─── GIVEN INFORMATION
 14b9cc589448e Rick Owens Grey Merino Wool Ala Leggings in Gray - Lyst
──────
─── GIVEN INFORMATION
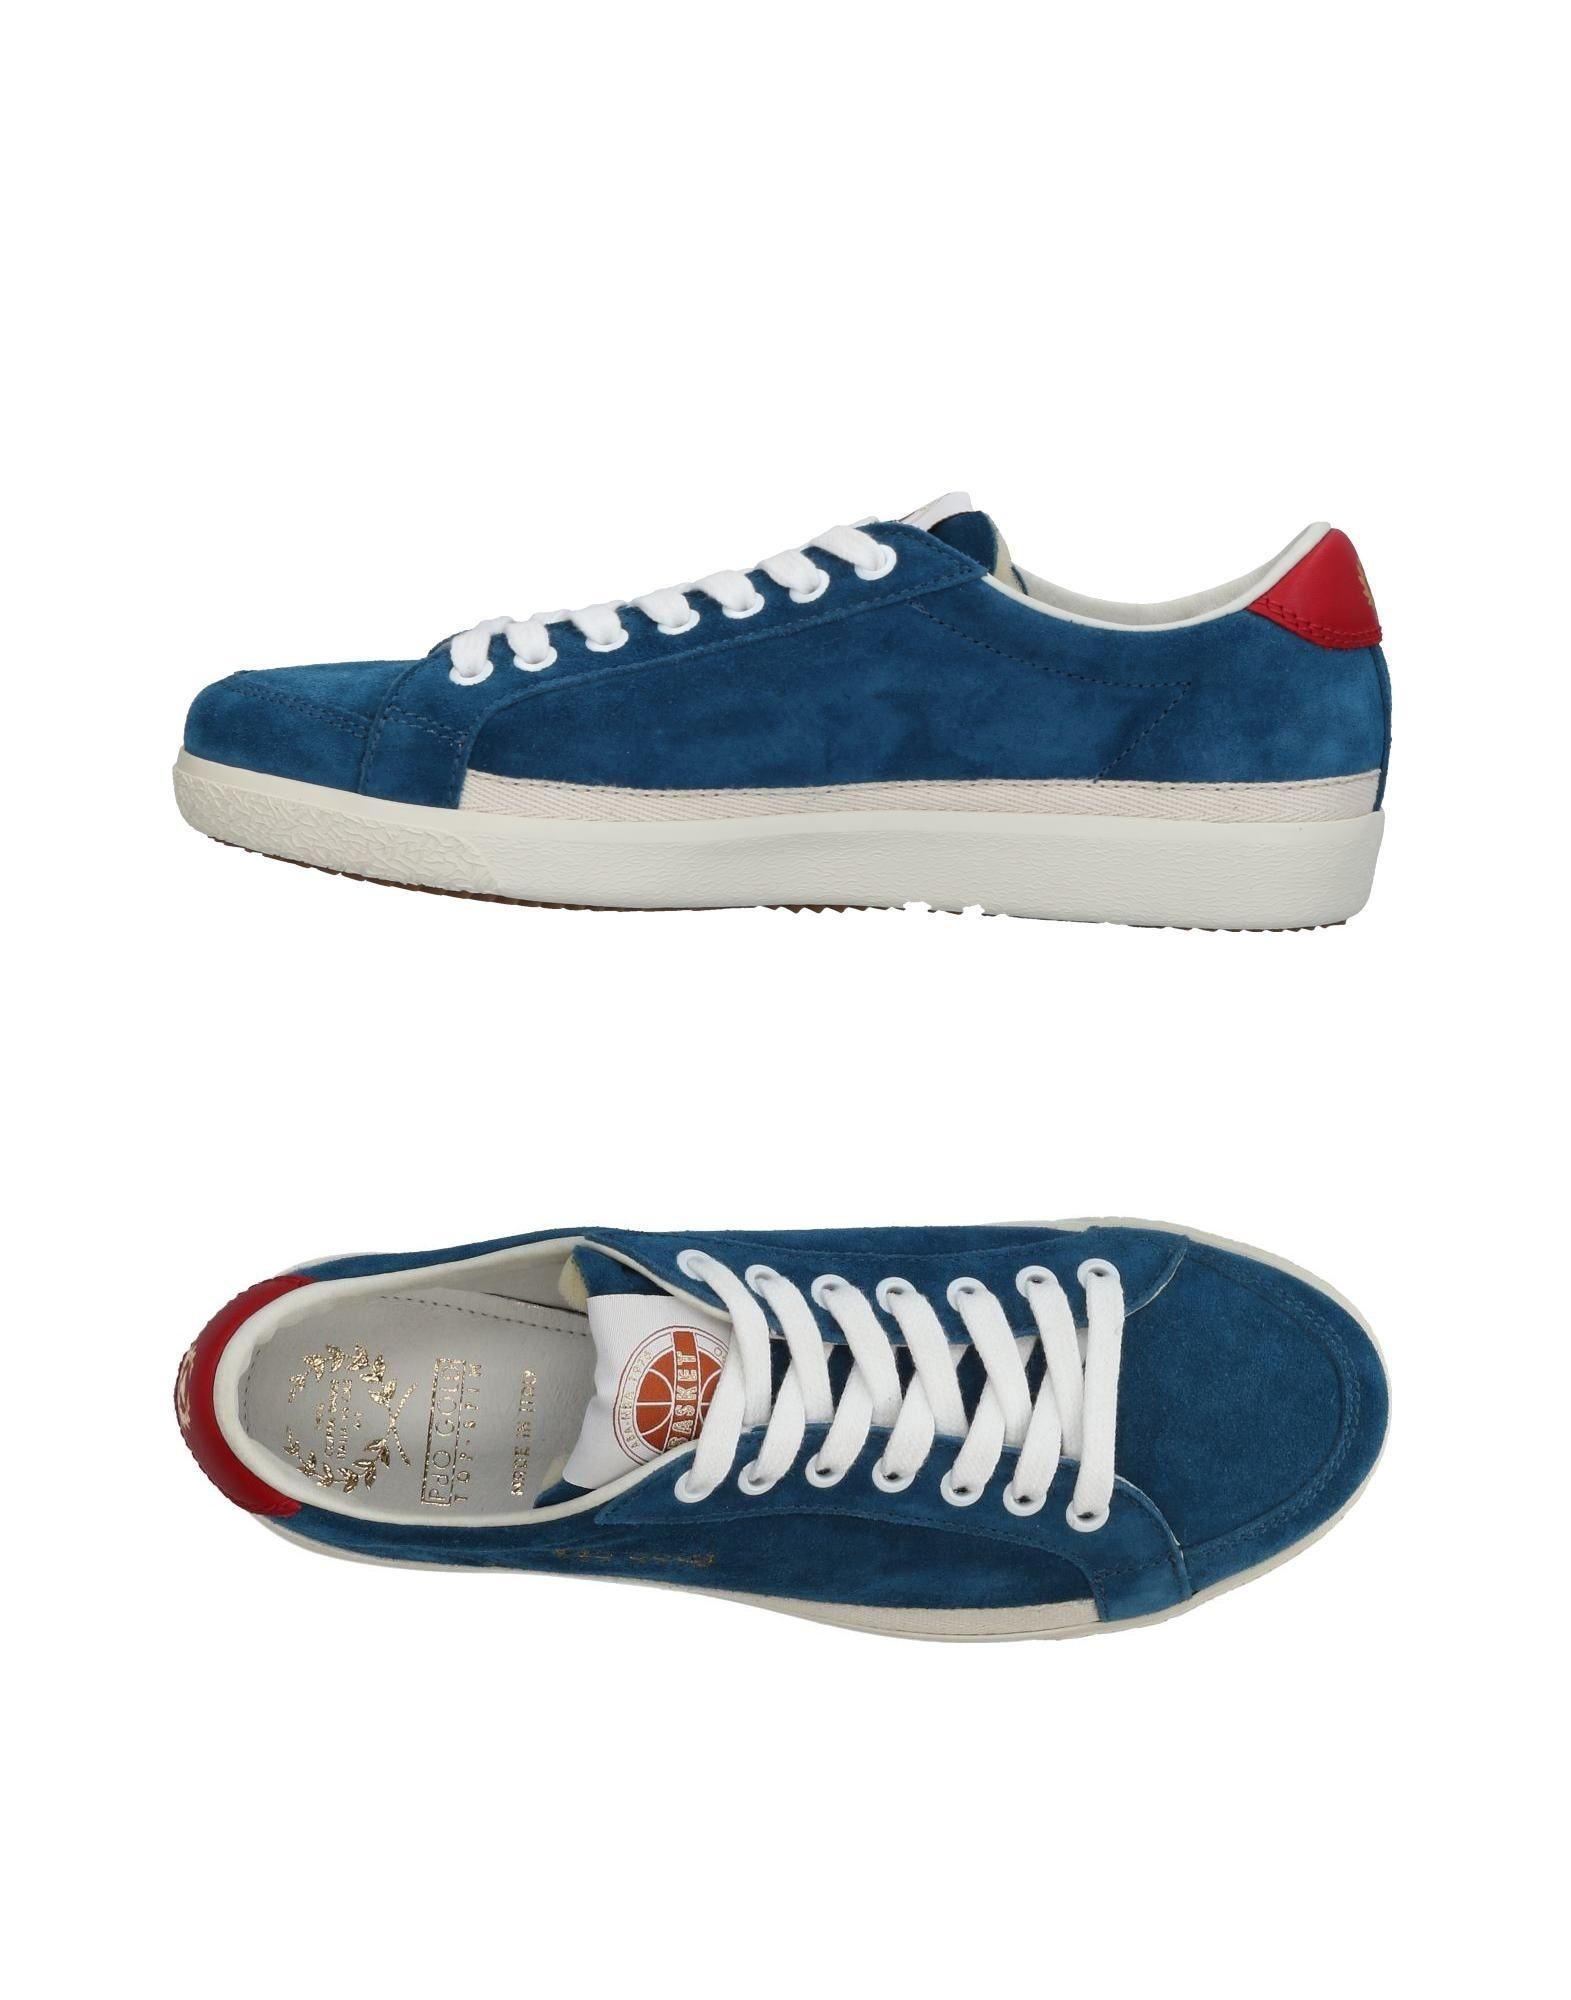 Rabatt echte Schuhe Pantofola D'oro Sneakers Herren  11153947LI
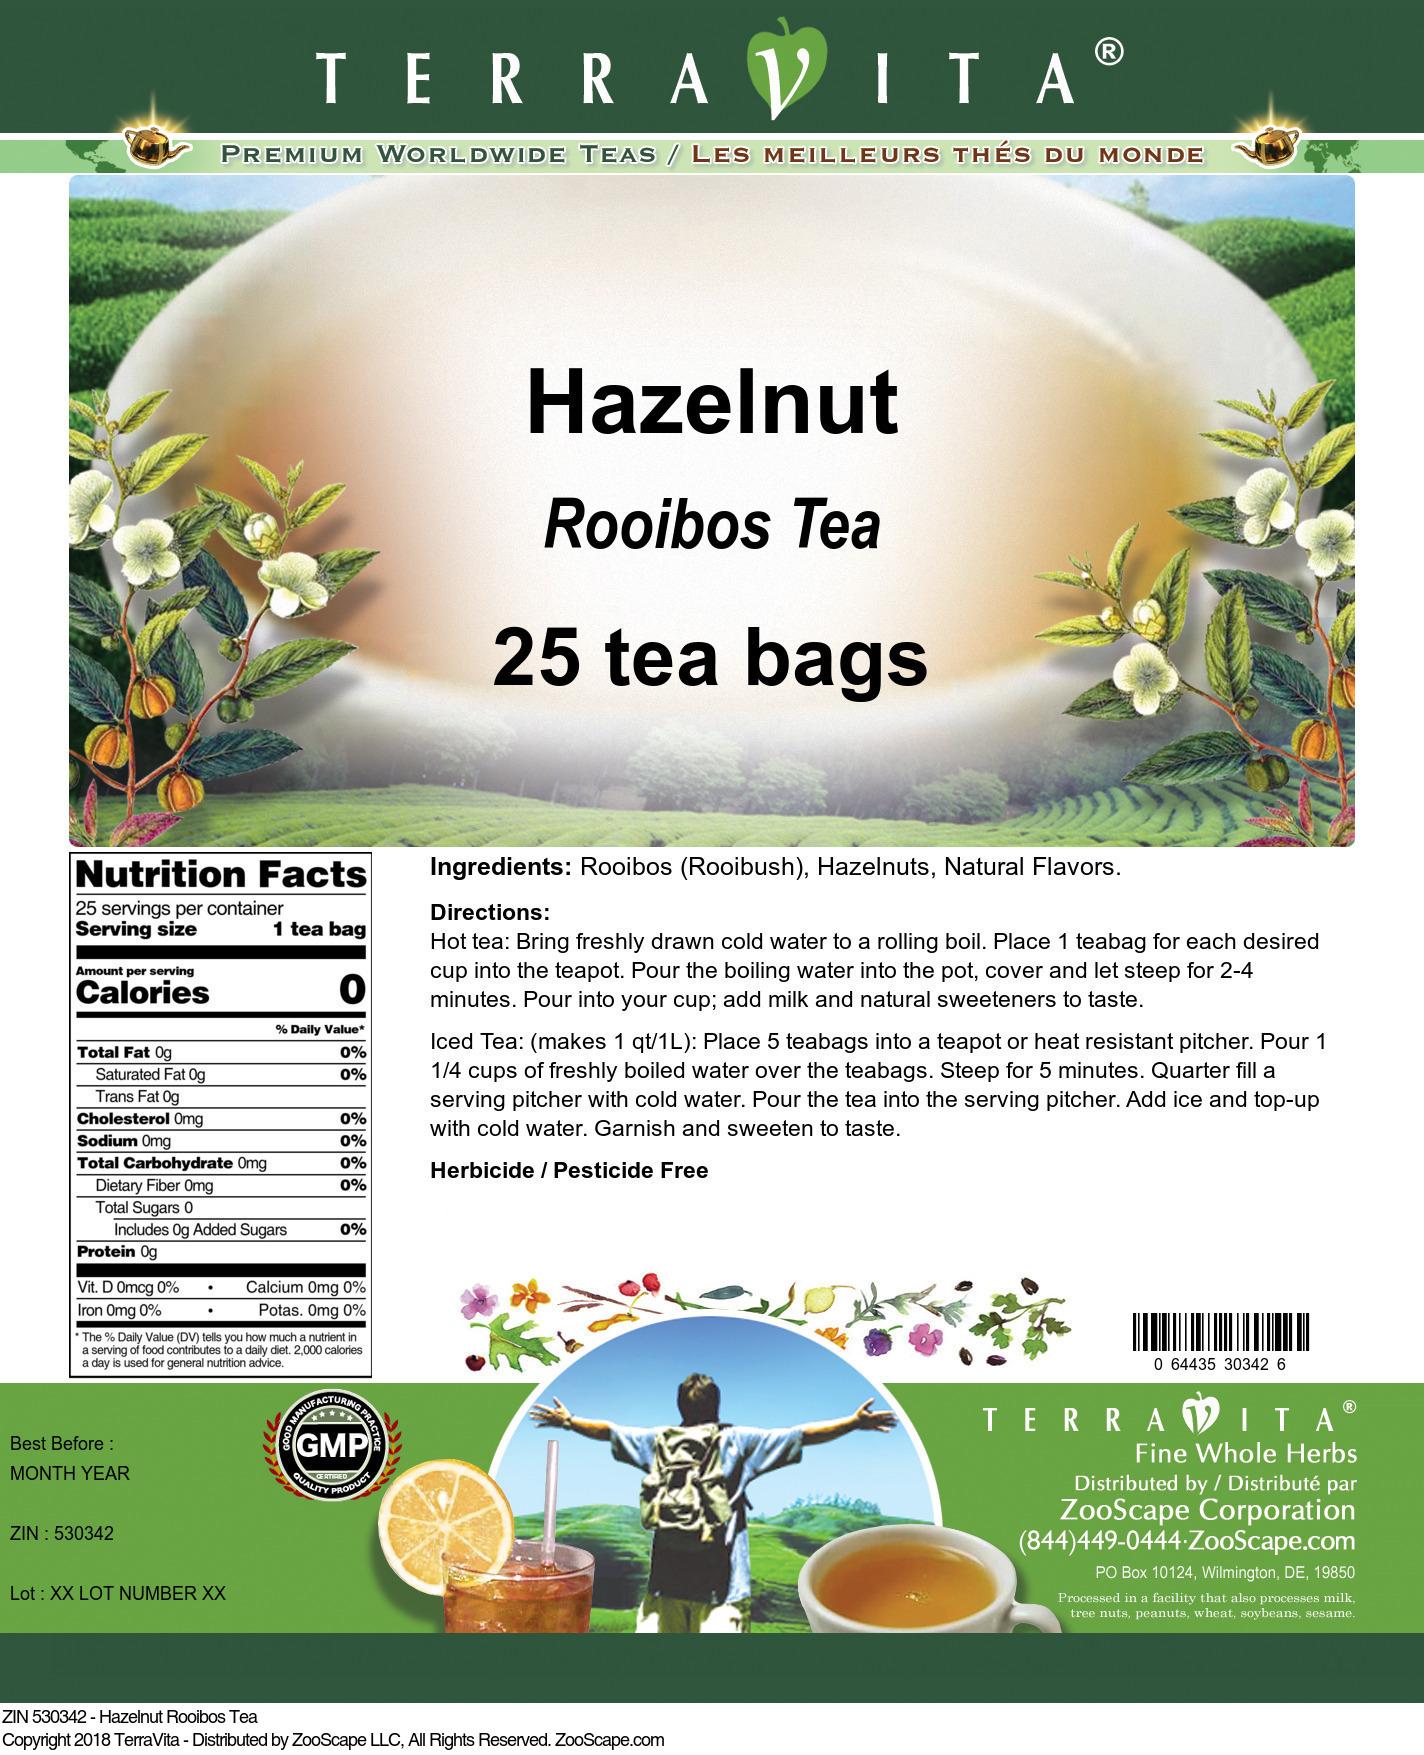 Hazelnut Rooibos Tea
──────
─── GIVEN INFORMATION
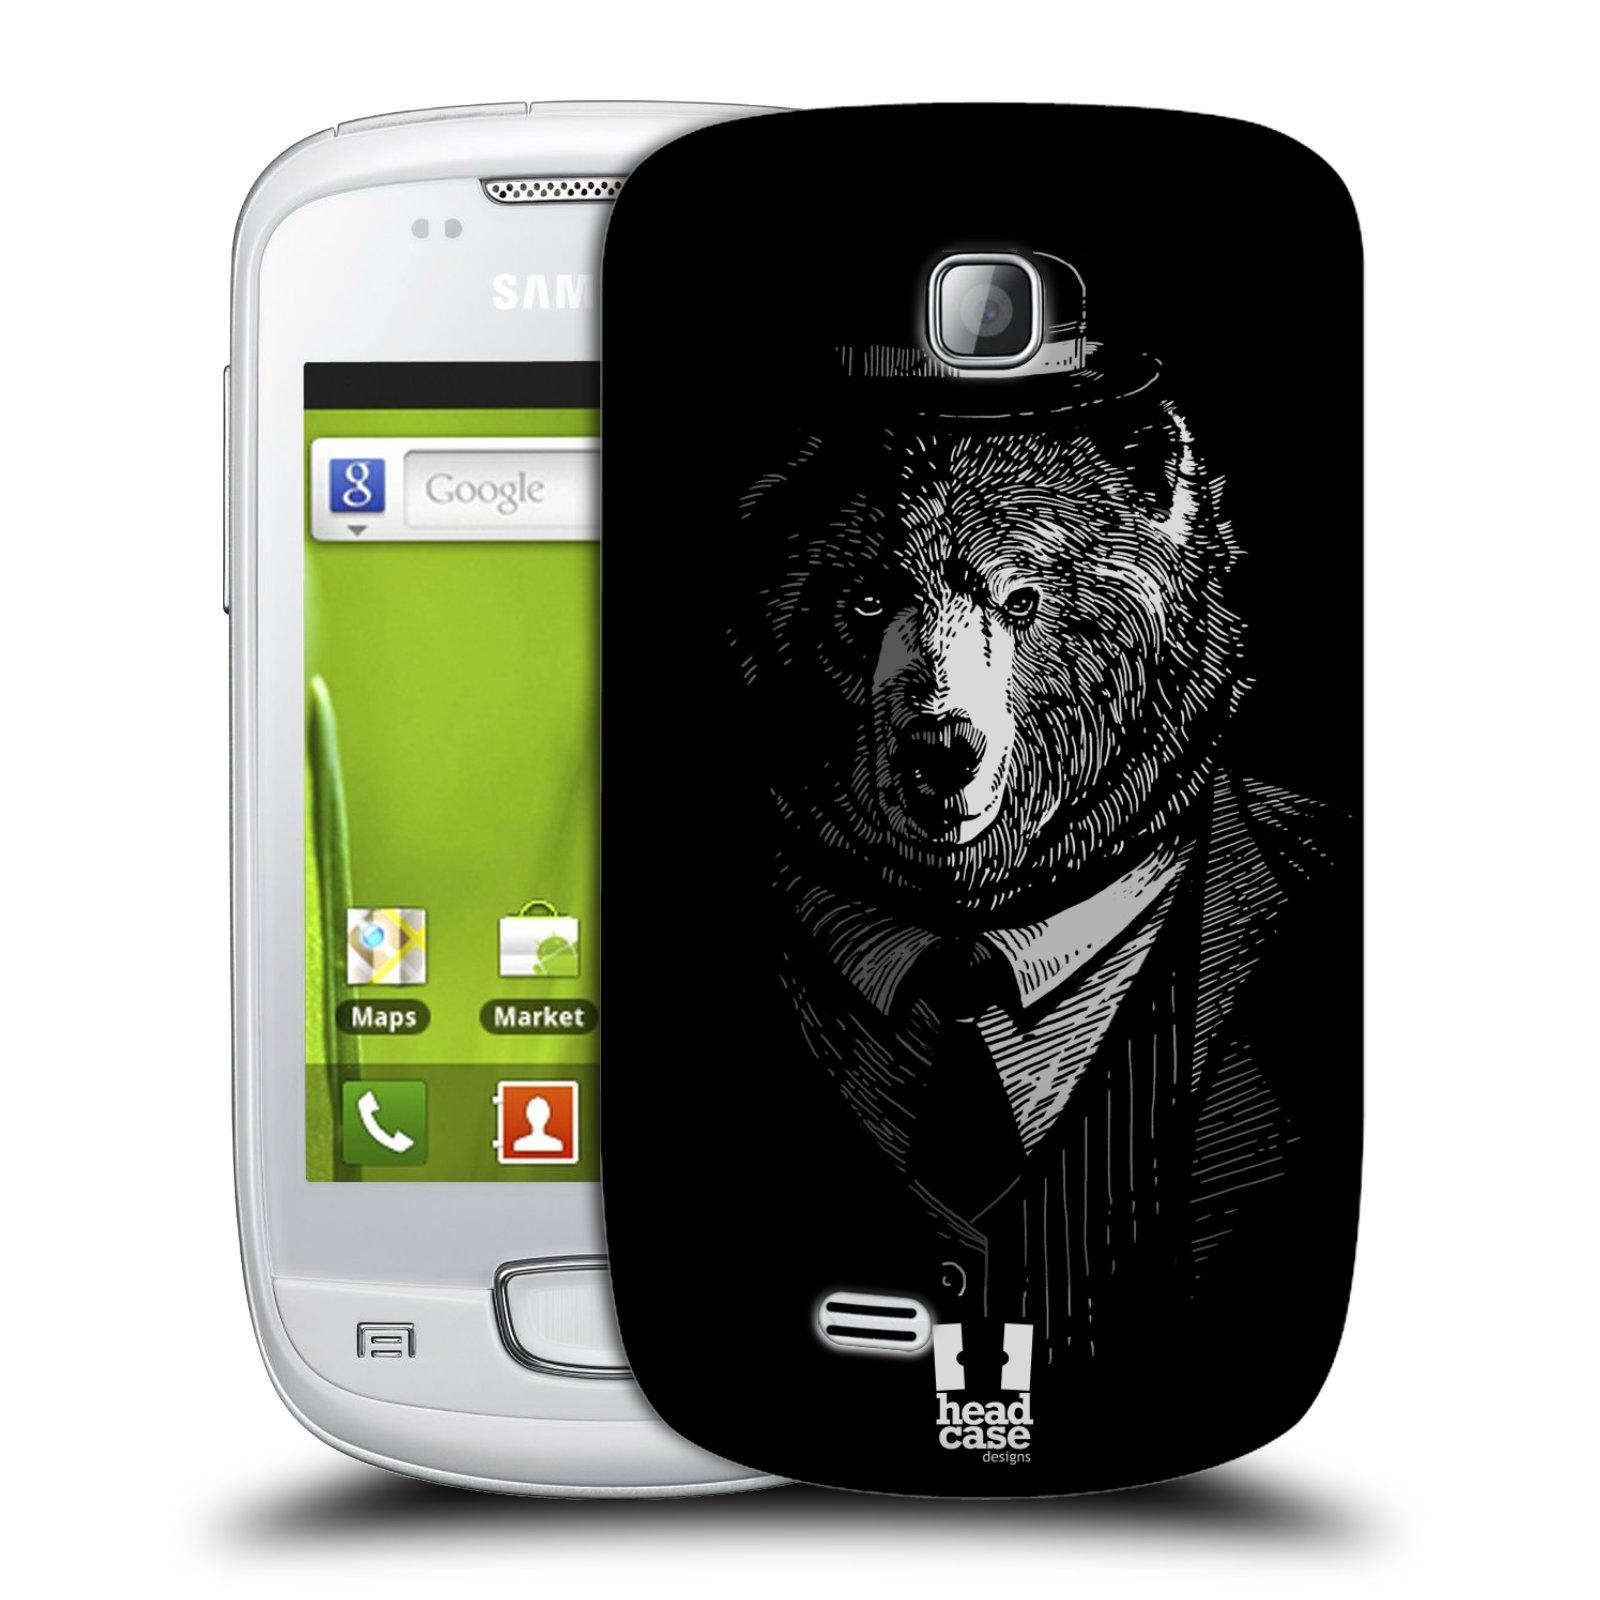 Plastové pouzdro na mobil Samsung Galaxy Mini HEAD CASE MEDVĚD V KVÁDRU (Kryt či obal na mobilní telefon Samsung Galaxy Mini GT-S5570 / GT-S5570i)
──────
- WHAT NEEDS TO BE DONE:
Would you give again, exactly, the lines in the data above that run from the line containing "Rabatt echte Schuhe" to the line containing "Hazelnut Rooibos Tea"? Include both ends and no pictures.

- TASK ANSWER:
 Rabatt echte Schuhe Pantofola D'oro Sneakers Herren  11153947LI
 Hazelnut Rooibos Tea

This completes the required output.